This is causing many experts to redefine multiculturalism.  It is no longer the mosaic of different people and their cultures coexisting together in the same geographical area.  It is about the same mosaic in each individual being.

We’ve always used creative names to describe mixed breeds of our beloved pets. My dogs, Tai and Chi, are Chugs (chiwawa/pug).  And puggles (beagle/pug) even have their own web site. So don’t be surprised if you start hearing the same creative mix to describe multiracial generation. No, I’m not comparing us to dogs.  But on playgrounds and college campuses, you’ll hear homespun terms such as Blackanese, Filatino, Chicanese, and Korgentinian. Generation Z (after Gen Y) is also called Plurals for a reason (stay tuned for more on Gen Z in future blogs.) Don’t be surprised if we end up reconsidering existing racial definitions and identities.  Multiracial children currently at 5% (multiethnic at 10% including Hispanic) implies that families come in al shapes and colors.
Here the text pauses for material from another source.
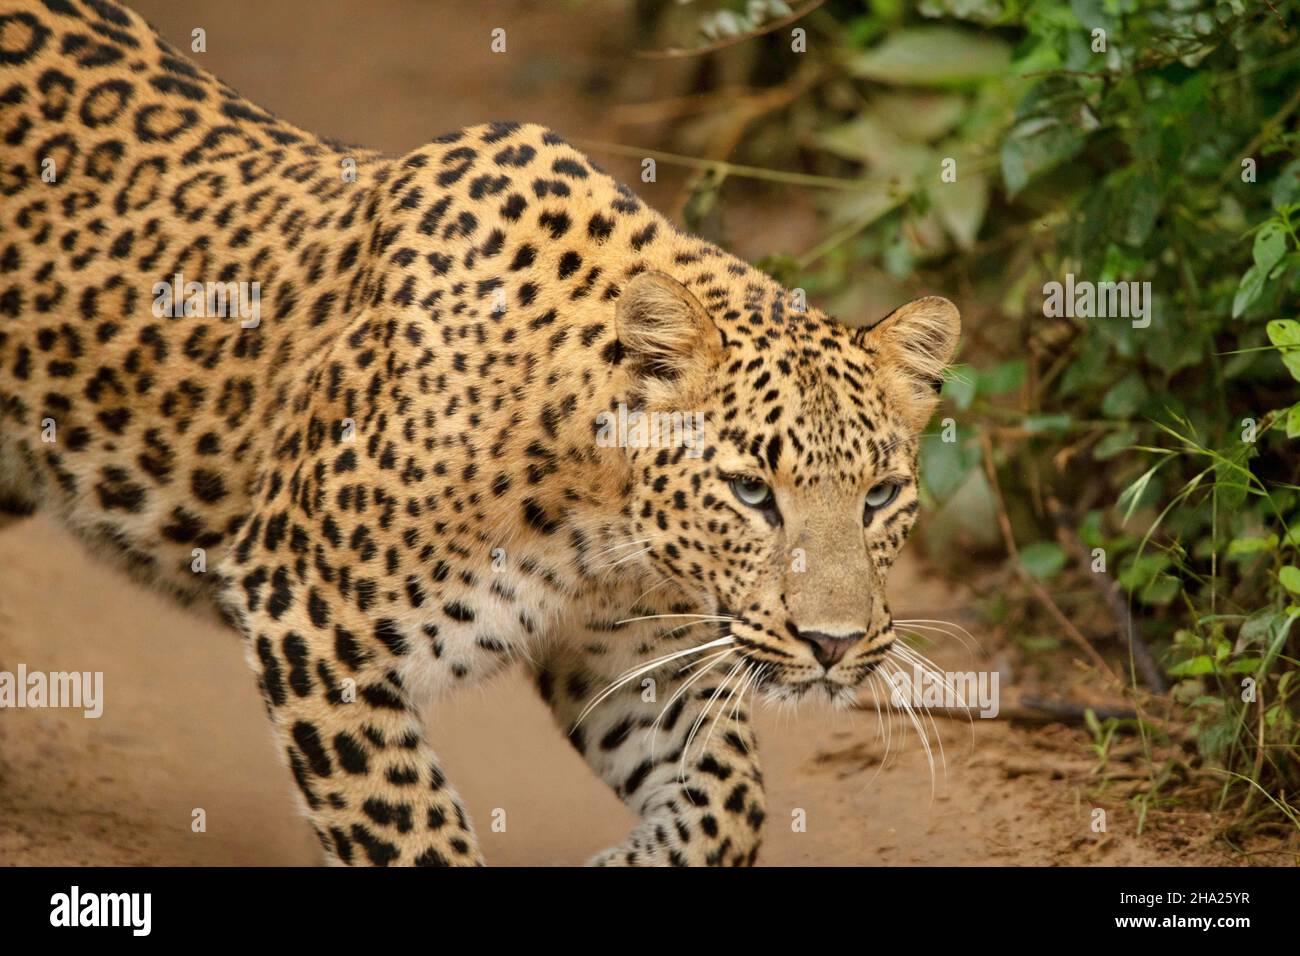 Photo de gros plan du léopard indien, Panthera pardus fusca, Jhalana, Rajasthan, Inde Banque D'Images

Business and Leadership implications?

Last year’s Cheerios ad featuring an interracial family promoted a barrage of hateful responses, including “DIEversity.” We hear similar outrage in Europe against multiculturalism due to muslim population increase. Sadly, but true, the current racial inequalities are real for interracial relationships equally. And I’m not naive enough to claim that the election of Barrack Obama has fixed it all. But I am suggesting that the new face of America is changing a lot faster than we all expected. The national geographic pictures say America will look like this in 2050, and I’m here to tell you, it’s more like 2043.  They are consumers.  They are future work force.

William Frey with Brookings institute recently reported that based on the most recent numbers, we’re beginning to reach a tipping point…and for the first time in the last century, we have more White deaths than births creating an older age structure. This is not an epidemic of death but one caused by lower fertility rate among aging whites. Not a big surprise. Everyone knew this would happen by 2020, but Frey reports that they are seeing this in 2012 numbers….8 years earlier and much sooner than expected. For the first time, half of children under 5 are non-white and 14 states are minority-majority. The young minority population is on the rise and will be the main work population in the next two decades as 10-12 million white boomers retire. Like it or not, this is good news. Otherwise, we will end up with declining labor force population much like Europe. It is the younger multiculturals that will help our country stay afloat.

Even beyond the work force, consider the changing customers and consumers of your product and services. Want to grow and succeed in The New World Marketplace? Consider forsaking your orthodoxies, biases and prejudices first.

Most of all, I do think it’s beautiful.  Don’t you?